The officials, providing details of the mission targeting Abu Ibrahim al-Hashemi al-Quraishi in a village on Syria’s border with Turkey, blamed the militant group for all civilian casualties in the operation while declining to offer an estimate on the number of those killed.
The officials said the operation was in the works since early December. Quraishi’s death marked another setback for a group that has been waging insurgent attacks in Iraq and Syria.
One official noted that the operation was complicated by the fact that Quraishi was known to only rarely leave his residence on the building’s third floor, instead relying upon a network of couriers in order to interact with others. The only known exception was when Quraishi sometimes would go to the building’s roof to bathe, the official said.
President Joe Biden, in remarks at the White House, described Quraishi’s bomb blast, which killed him and his family, as a “final act of desperate cowardice” that carried echoes of the self-detonation of a bomb by his predecessor, Islamic State founder Abu Bakr al-Baghdadi, during a U.S. raid in 2019 in Syria.
“The blast was so large on the third floor that it blew bodies outside of the house and into the surrounding areas,” a senior administration official said, briefing reporters on the operation.
“All casualties at the site were due to the acts of ISIS terrorists inside the residence,” the official added.
Quraishi was not the only Islamic State figure killed in the operation, U.S. officials said. One of Quraishi’s lieutenants, who also lived in the building, barricaded himself and members of his family inside the building, on its second floor, the officials said. He and his wife tried to fire on the U.S. assault force and were also killed, the officials said.
The operation was in the planning stages since early December, when officials became convinced the Islamic State leader was located in the building, the officials said. But the number of children in the area and families on the first floor led U.S. officials to try to craft a mission aiming to safeguard civilians, they said.
That ultimately required putting at risk U.S. forces in a raid, instead of carrying out a remote strike, and calling for families on the first floor to evacuate, the officials said.
U.S. military procedures to guard against civilian casualties are currently under scrutiny following a high-profile mistaken drone strike in Afghanistan that the Pentagon initially hailed a success.

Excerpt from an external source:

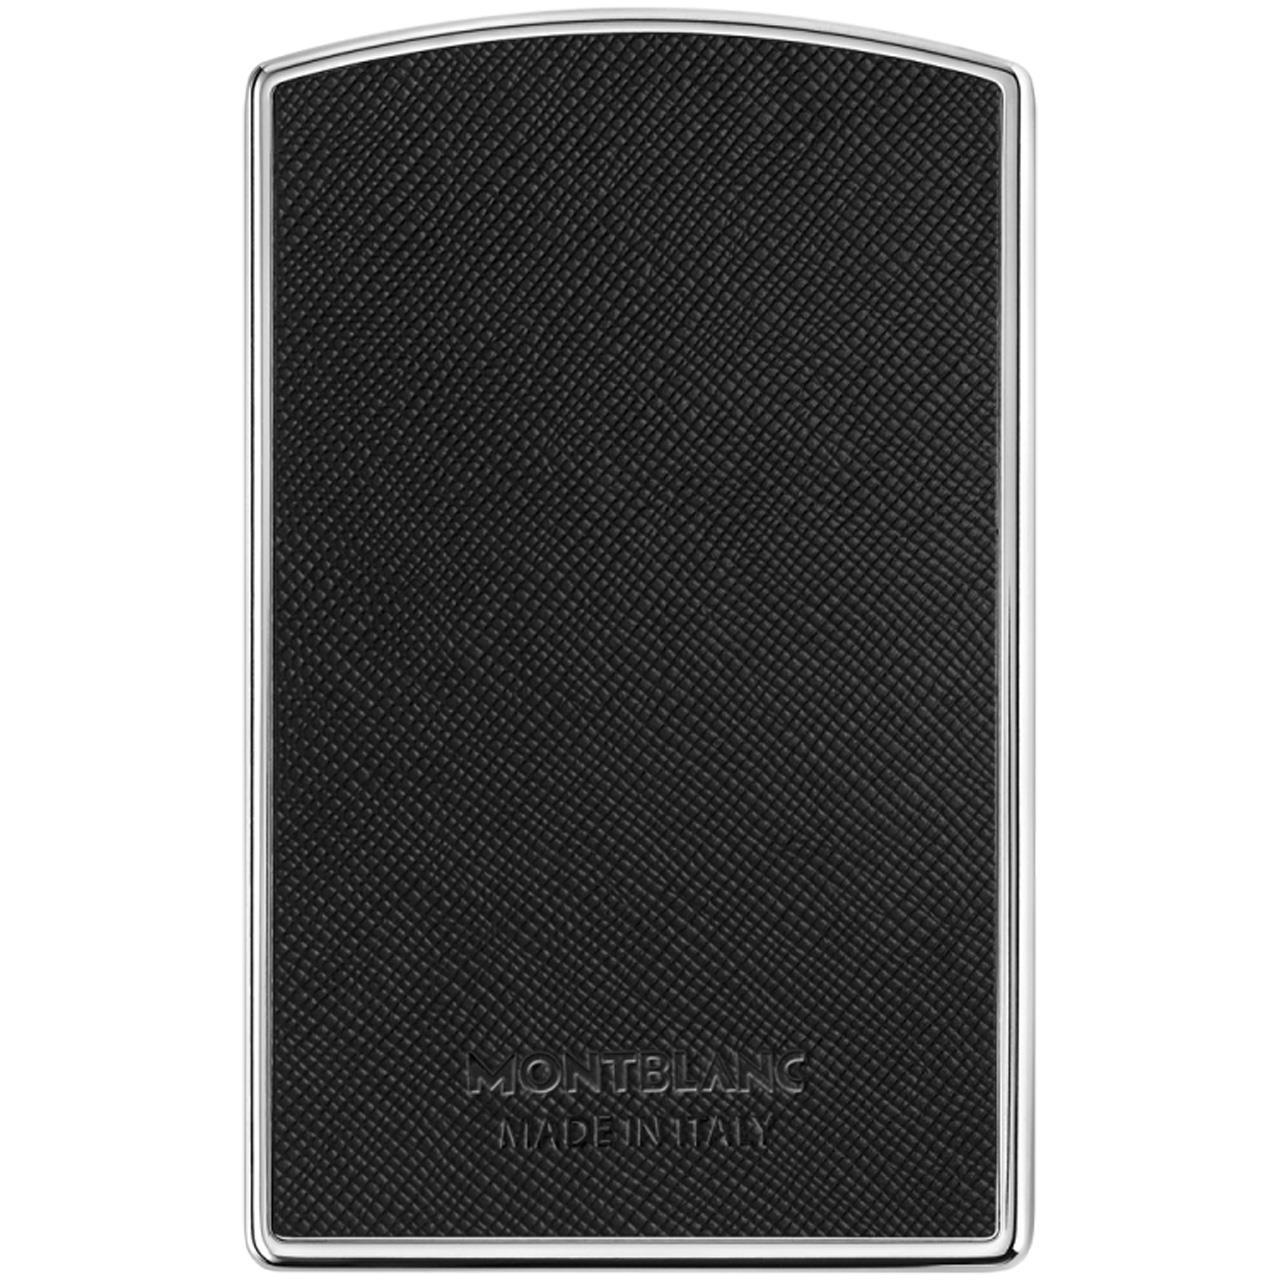 Business Card Holder Hard Shell Sartorial Black

Biden gave final approvals for the mission on Tuesday during an Oval Office meeting with Defense Secretary Lloyd Austin and General Mark Milley, who as chairman of the Joint Chiefs of Staff is the top American military officer, U.S. officials said.
Biden, Vice President Kamala Harris and other administration officials monitored the operation in real-time from inside the White House Situation Room, receiving updates from Austin, Milley and General Frank McKenzie, who oversees U.S. forces in the Middle East, the officials said.
At one point, a helicopter involved in the operation suffered a mechanical failure and had to be moved and destroyed, the officials said. Another moment of tension came when U.S. forces tried to evacuate families from the first floor, they said.
“One of the first reports was that when the team came on site and called everyone to come out, those on the first floor … were led to safety,” the first official said. “Because obviously that was a key point of concern and why this operation was so complex.”
Biden said “God bless our troops” once the U.S. forces were wheels up after the operation, but kept tabs on them during the night as they moved to safety, officials said.
“Thanks to the bravery of our troops, this horrible terrorist leader is no more. Our forces carried out the operation with their signature preparation and precision,” Biden said in his remarks.